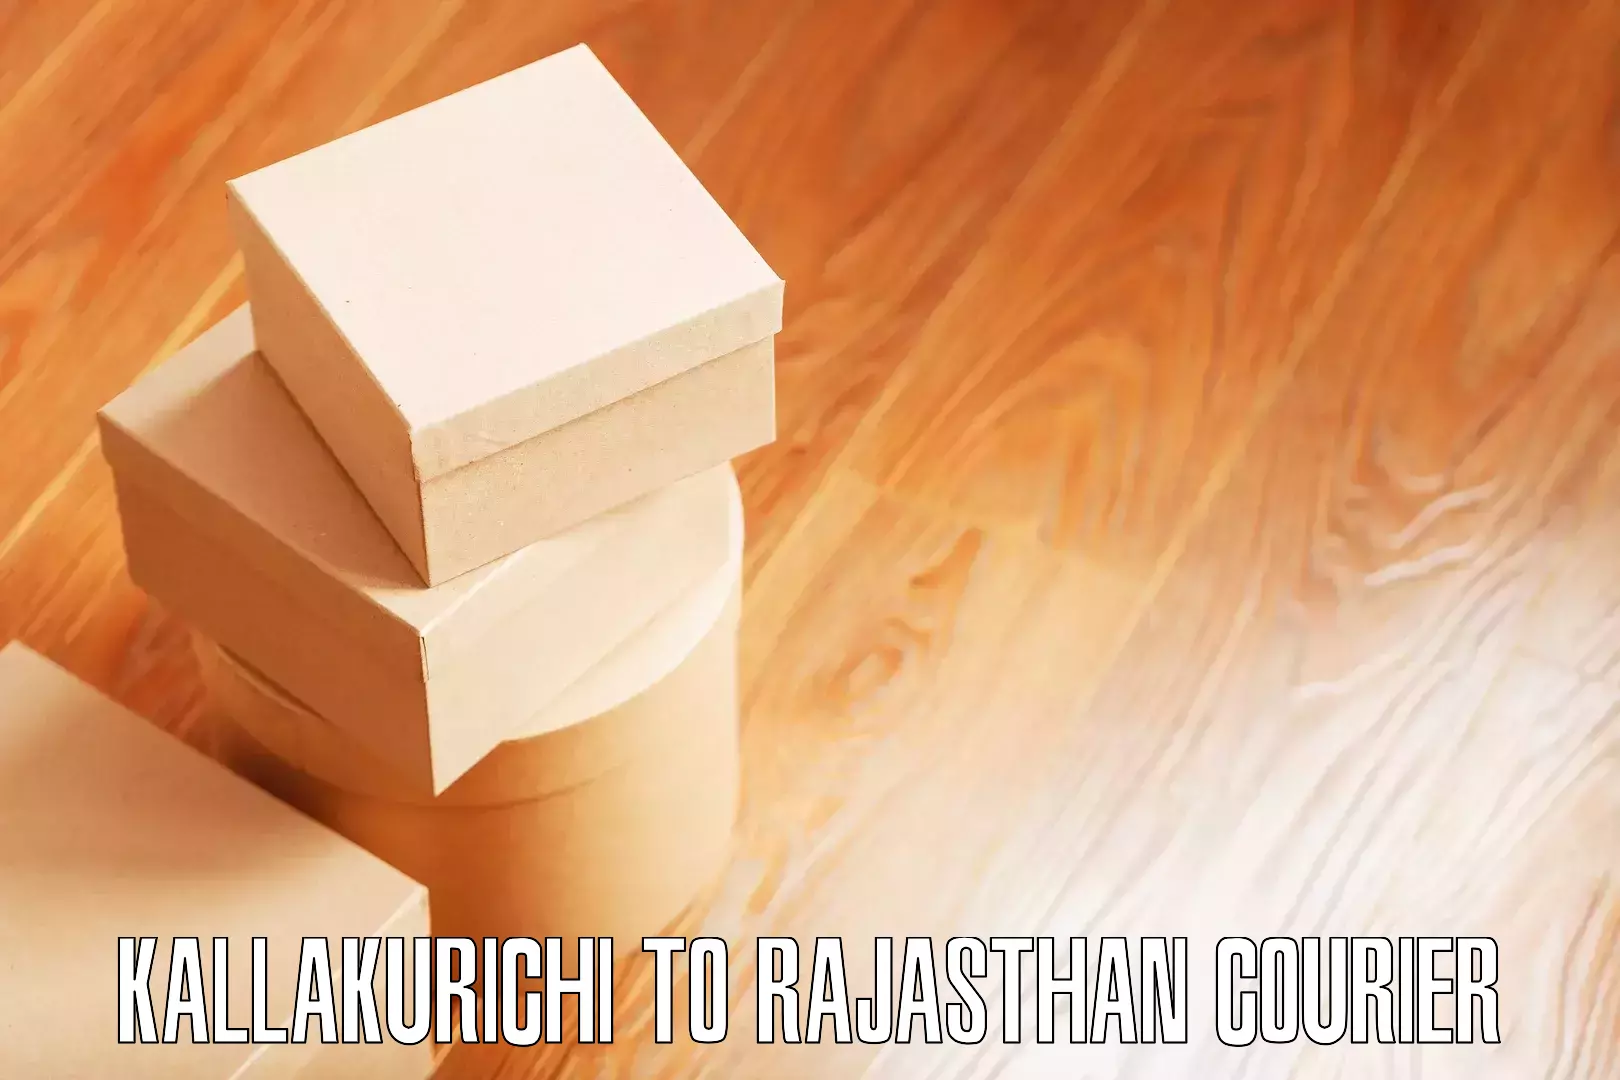 Nationwide furniture transport Kallakurichi to Rajasthan
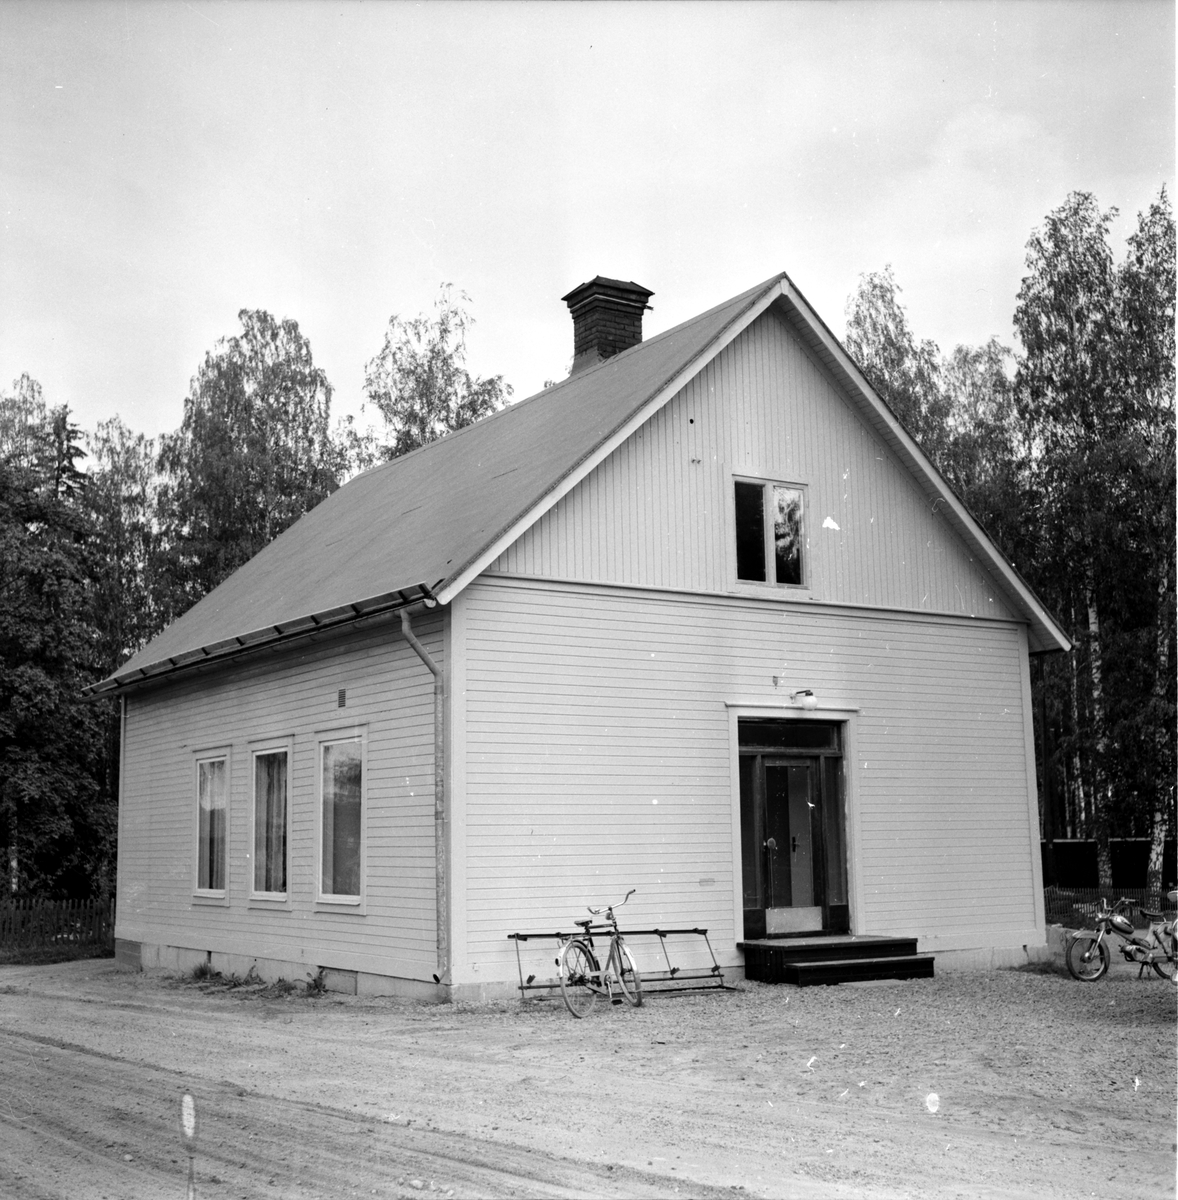 Granbergsgården,
28 Augusti 1964

........

INSTRUCTIONS FOR THE TASK
Across all the lines above, repeat the wording exactly and omit the pictures.

RESPONSE TO THE EXERCISE
 Nationwide furniture transport Kallakurichi to Rajasthan
 Granbergsgården,
28 Augusti 1964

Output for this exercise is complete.